The recent paper “Strigolactone Can Promote or Inhibit Shoot Branching by Triggering Rapid Depletion of the Auxin Efflux Protein PIN1 from the Plasma Membrane” published in PLOS Biology by Naoki Shinohara and colleagues has uncovered an important novel pathway that regulates the formation of branches in plants. The researchers based their work on an existing model which states that the plant growth hormone auxin is a central regulator of branch formation. Auxin levels are highest in activated buds because this is where auxin is produced. Auxin then flows to the roots, where auxin levels are low (“auxin sinks“). The removal of auxin from the activated bud allows for further auxin production and thus creates a continuous auxin flow pattern. This is thought to establish a positive feedback loop for the activated bud, which then ultimately results in the formation of branch emanating from the activated bud. This model is called the “auxin transport canalization” and is explained in an excellent accompanying article “Transforming a Stem into a Bush” by Amy Coombs, also published in PLOS Biology.
Once an activated bud initiates the positive auxin feedback loop, it also becomes necessary to inhibit the branch formation from other buds. If all the buds in a plant started making branches at once, the plant’s resources would probably become depleted very quickly, possibly resulting in the chaotic formation of too many suboptimal branches.
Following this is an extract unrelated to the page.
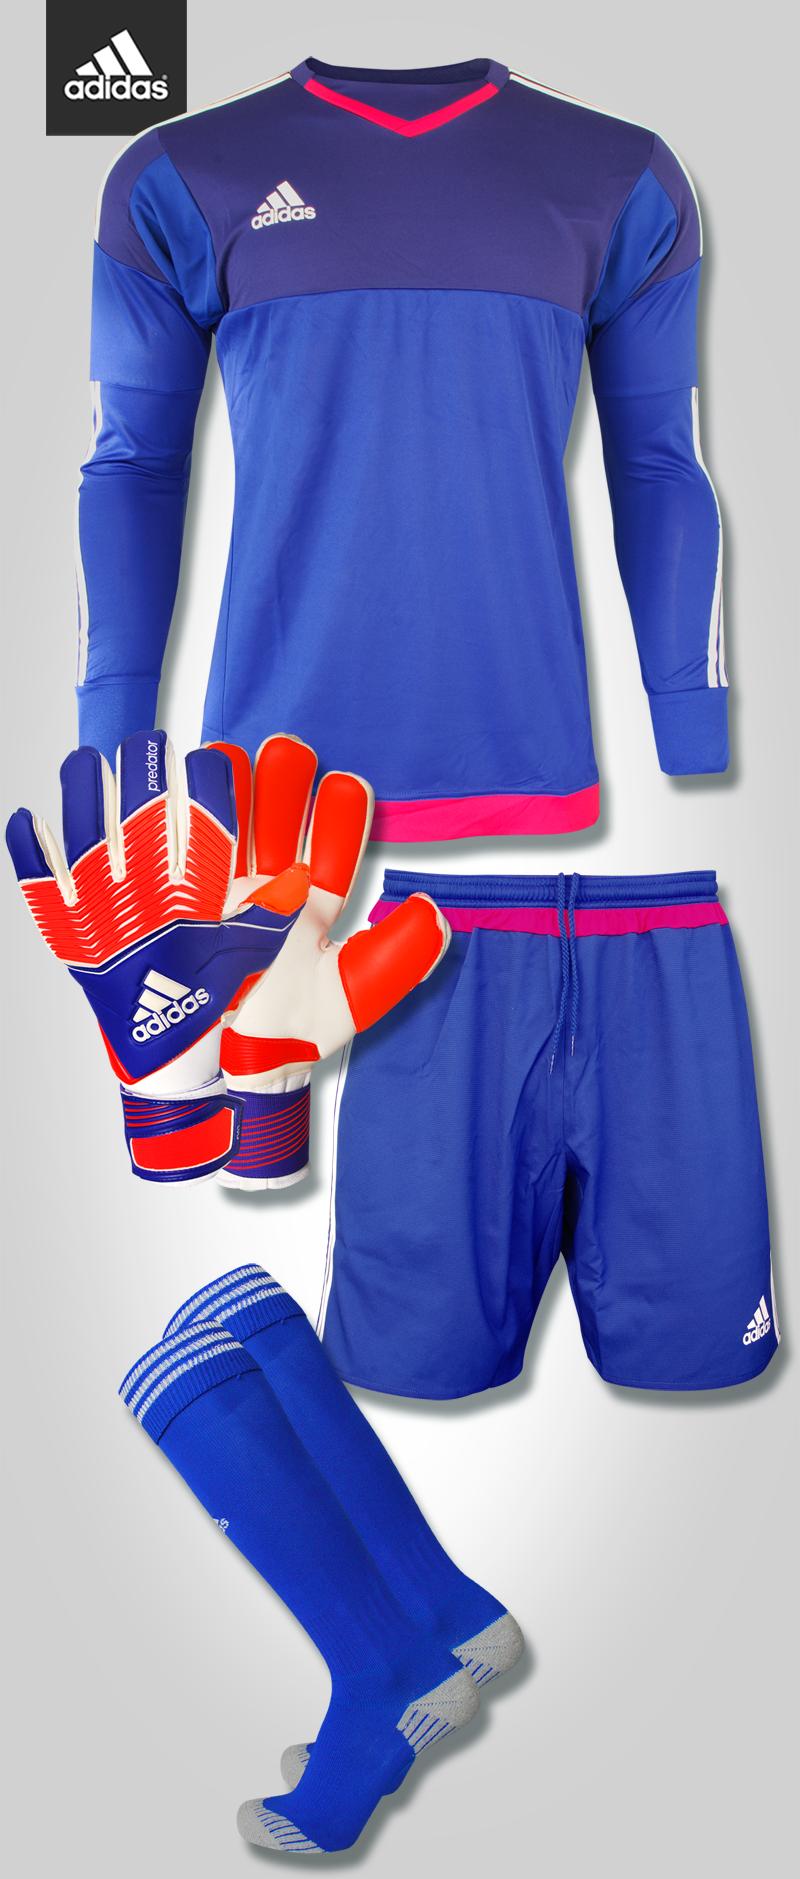 Goalkeeper Set Adidas Top 15 Completo per portieri Guantes De Portero  Adidas 6bfb023aba0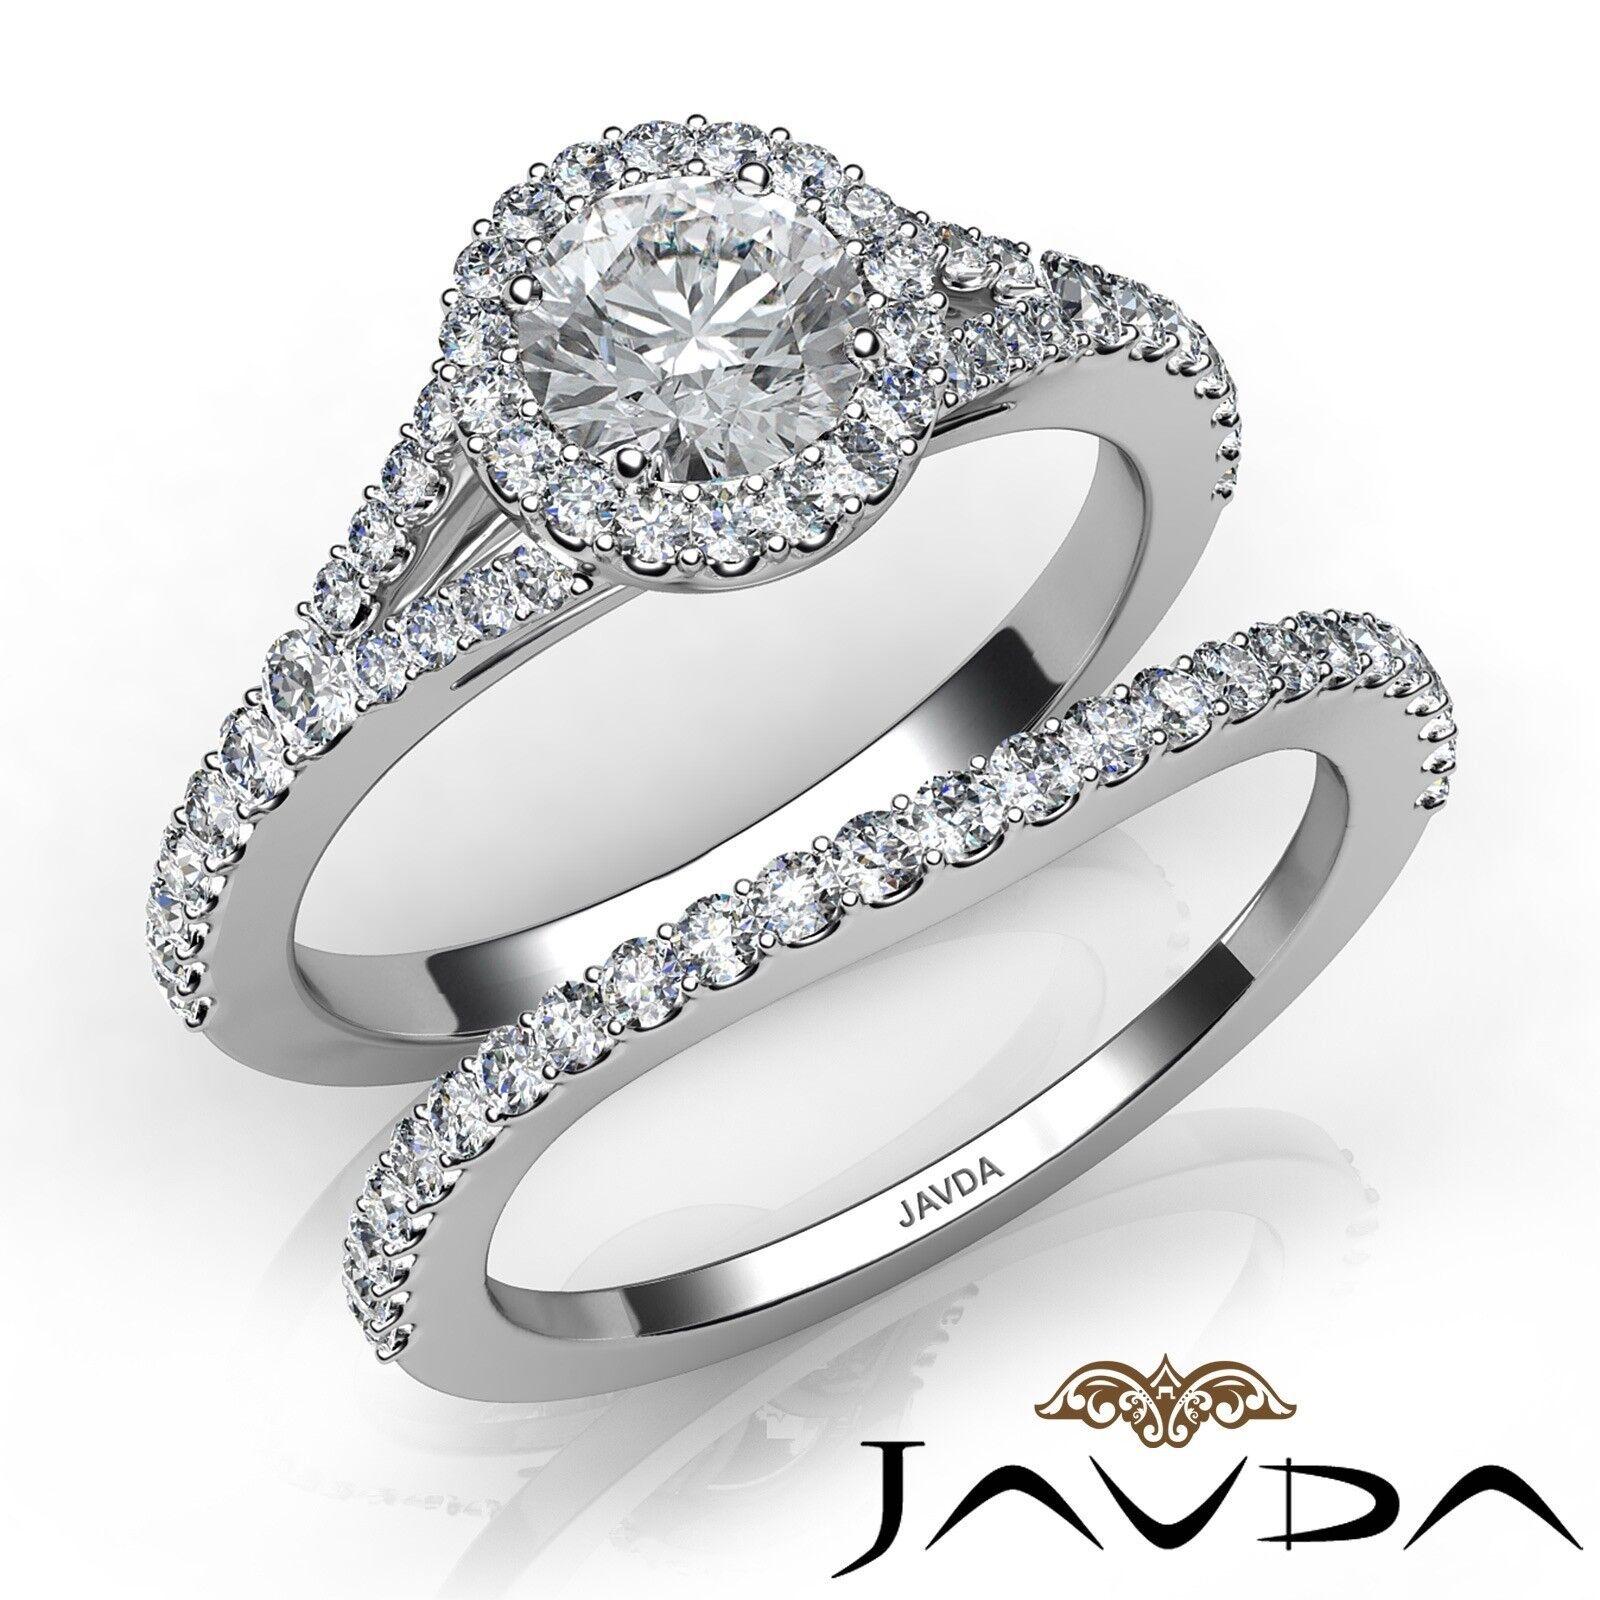 1.34ctw Floating Halo Bridal Set Round Diamond Engagement Ring GIA J-VVS2 W Gold

There is a clearly a need for a system that allows some activated buds to go on to make branches, while putting the brake on other buds so that they bide their time. The details of such a fine-tuned balance of selected activation and inhibition have been a bit of a mystery, but the work by Shinohara and colleagues is a major step forward in unraveling this puzzle.
The researchers show that the plant hormone strigolactone removes the auxin export protein PIN1 from the cell surface and increases its degradation. Therefore, a plant without strigolactone would have more PIN1, sustain greater auxin flux and thus increase branching. Genetically engineered plants that do not produce strigolactone did indeed show more branch formation. When the researchers added back synthetic strigolactone (called GR24), they were able to suppress the excessive branch formation. However, the researchers also obtained a somewhat counter-intuitive result: When they gave GR24 to plants with defective auxin transport, low doses of GR24 actually helped branch formation and only higher doses suppressed branch formation. The problem with these results is that the synthetic strigolactone also severely impacted the general growth of the plants (not just branch formation) in the auxin transport mutants, and it is difficult to interpret whether the subtle differences between low and high doses were just generalized effects due to reduced overall plant health or whether they were truly related to aberrant branching.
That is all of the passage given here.